Brief:
Print, please, exactly the lines from the one with "Sol Ring (266) magic card front" through the final line of the data below, with both ends included and the pictures left out.

Data provided:
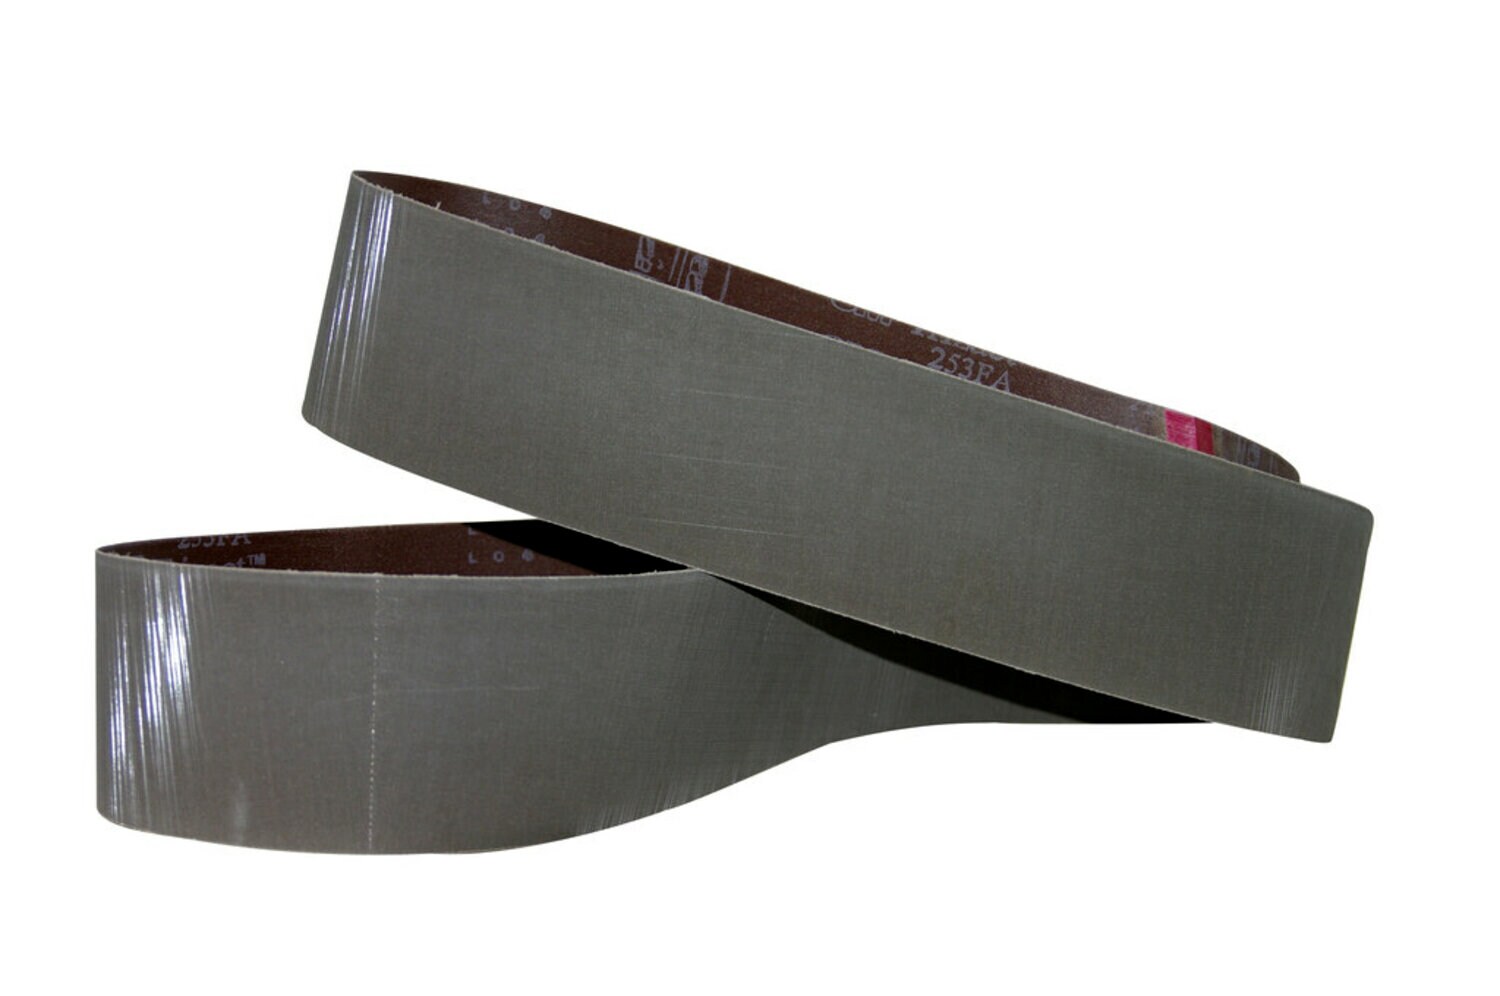 7010298868 - 3M Trizact Cloth Belt 253FA, A100 XF-weight, 14 in x 59 in, Film-lok,
Full-flex, 10 ea/Case
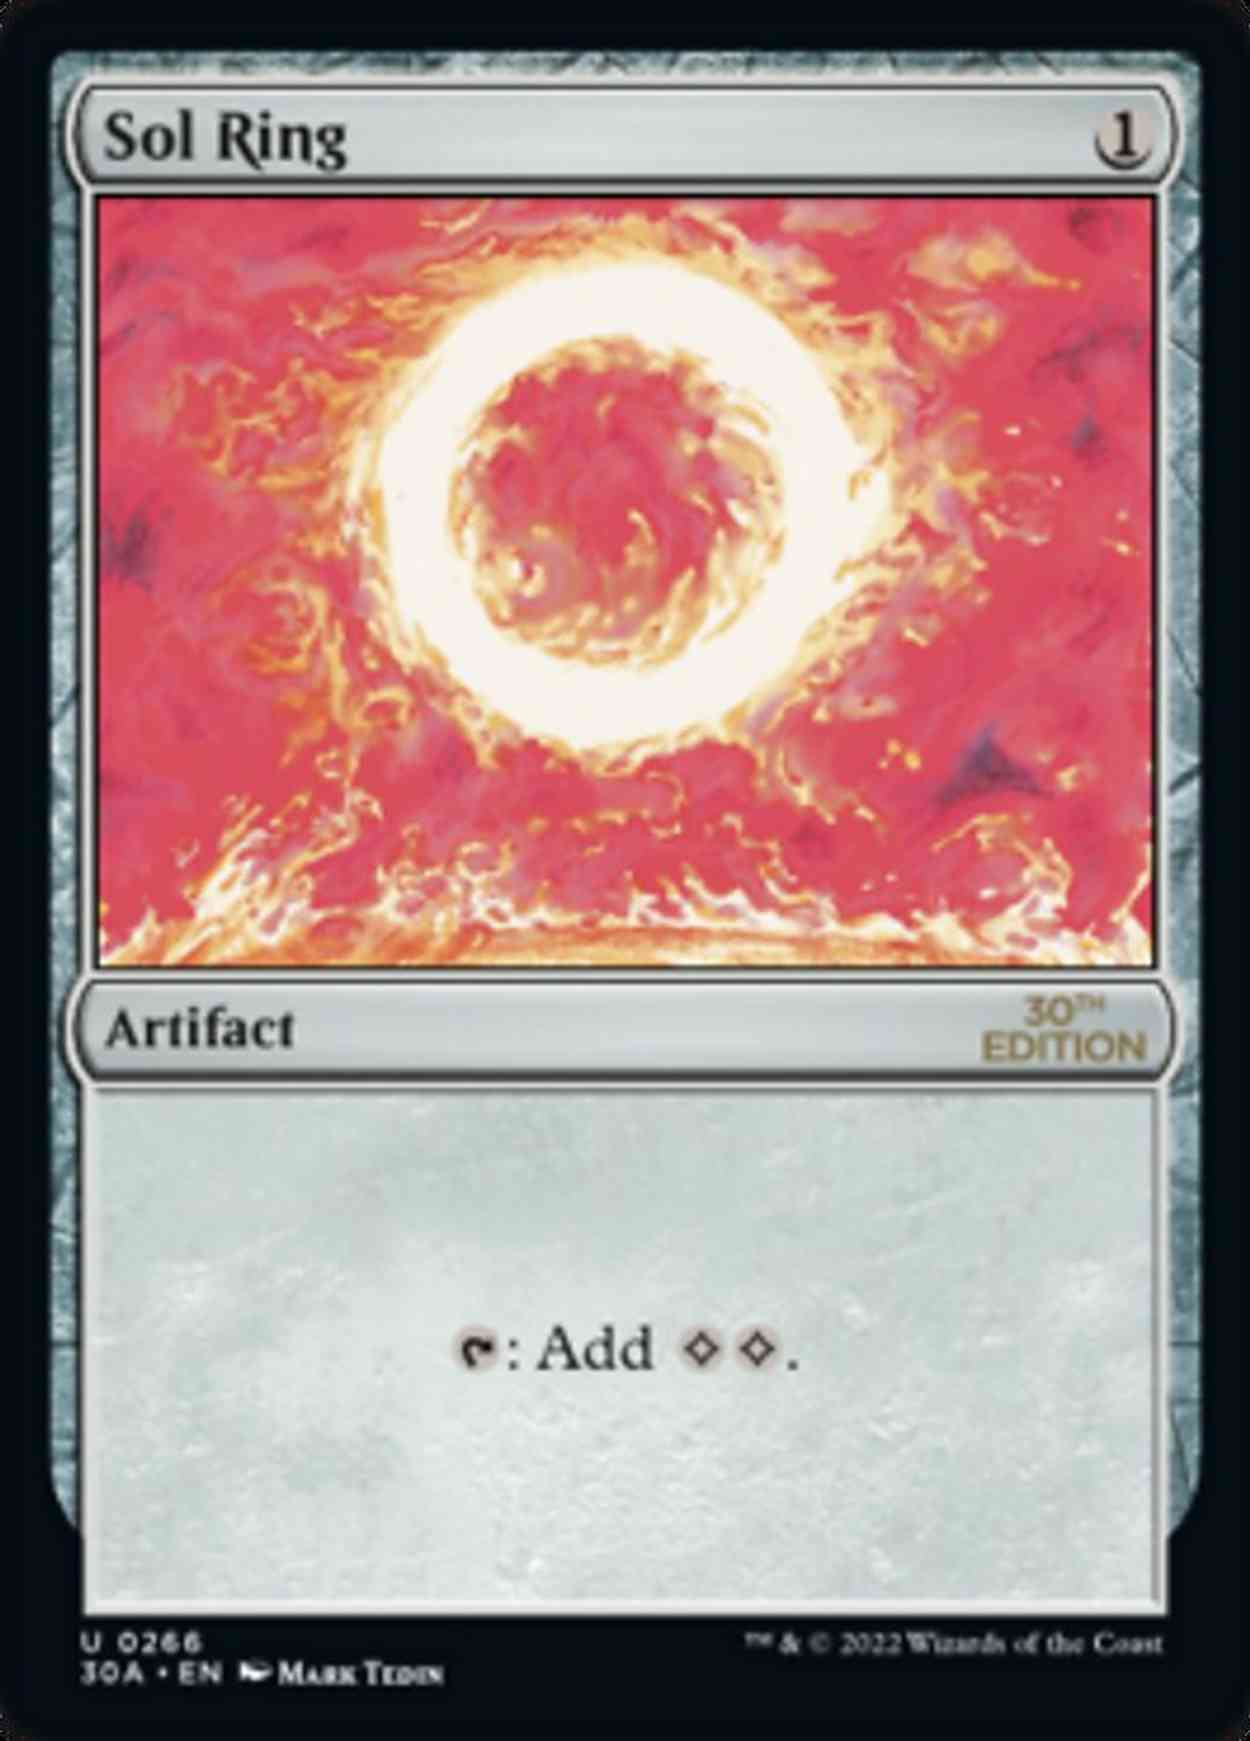 Sol Ring (266) magic card front
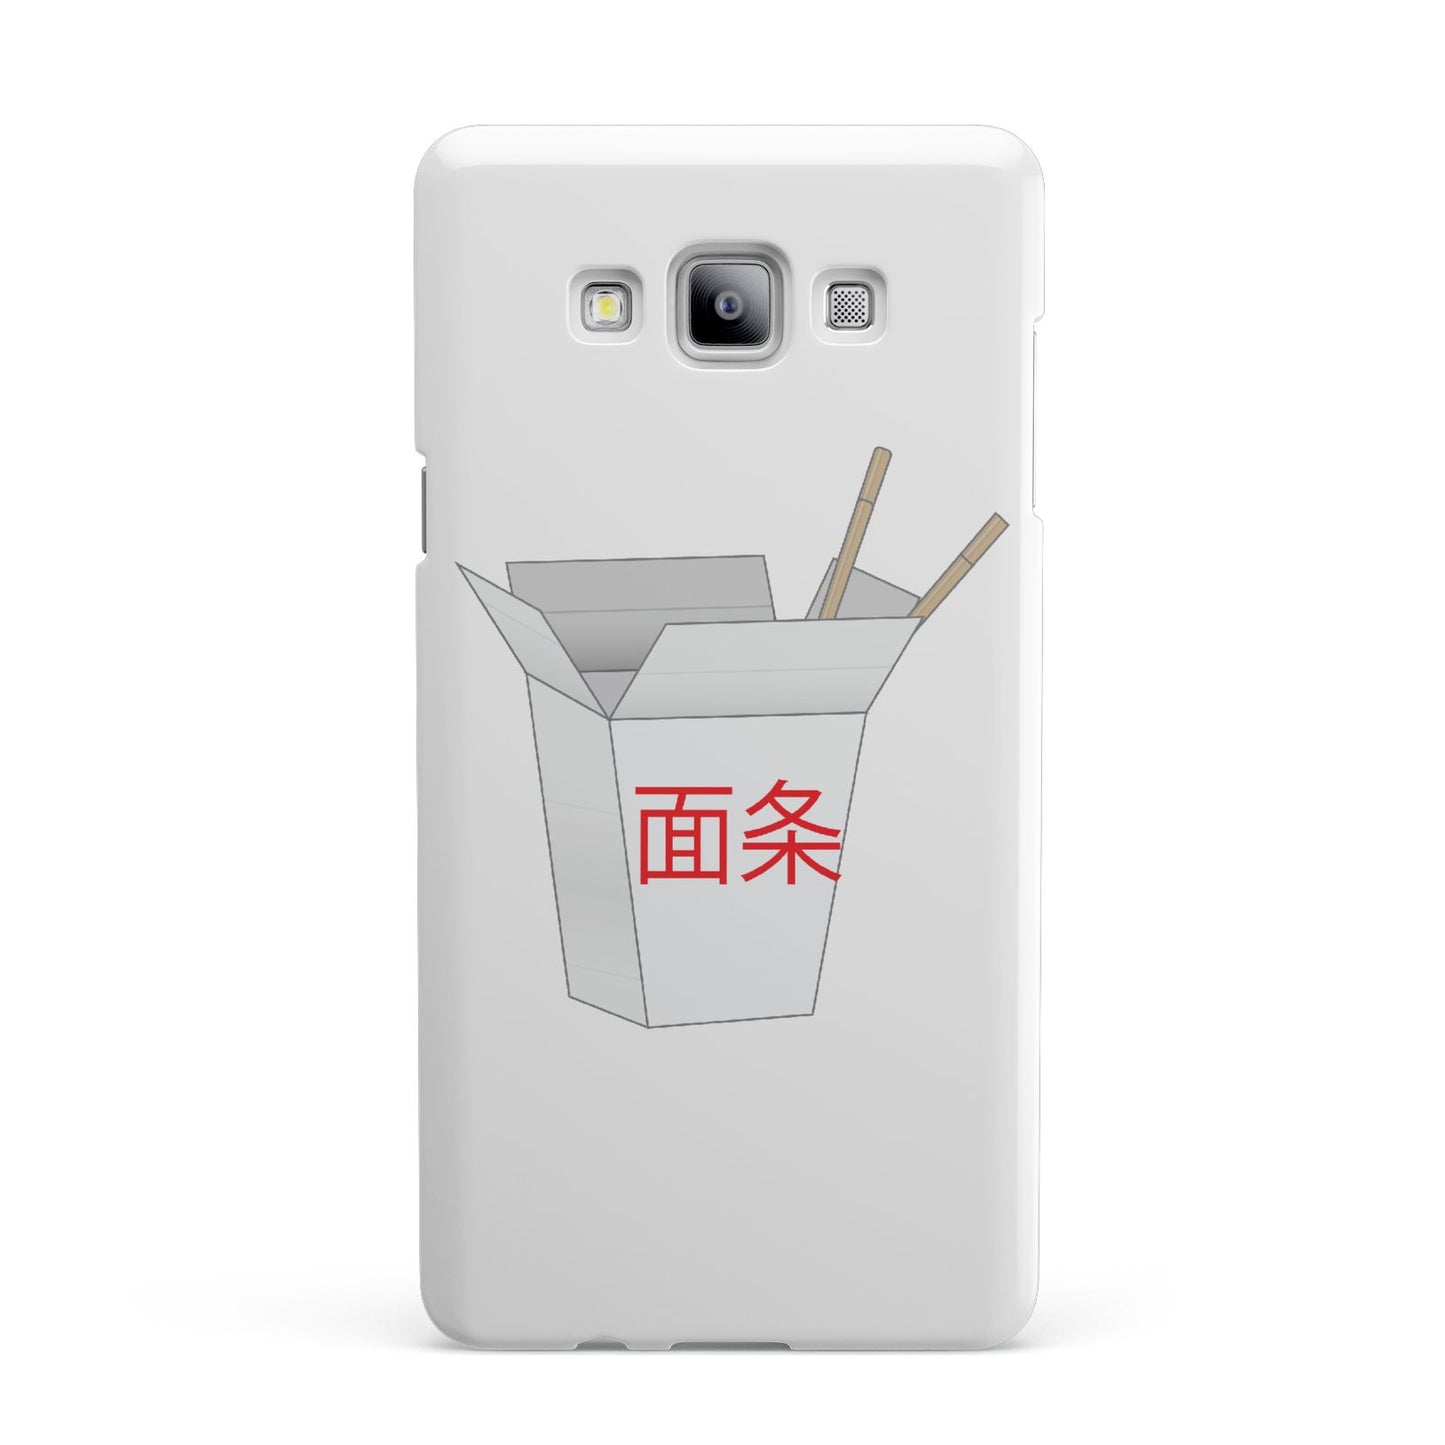 Chinese Takeaway Box Samsung Galaxy A7 2015 Case

Solution to the exercise:
 Sol Ring (266) magic card front
 Chinese Takeaway Box Samsung Galaxy A7 2015 Case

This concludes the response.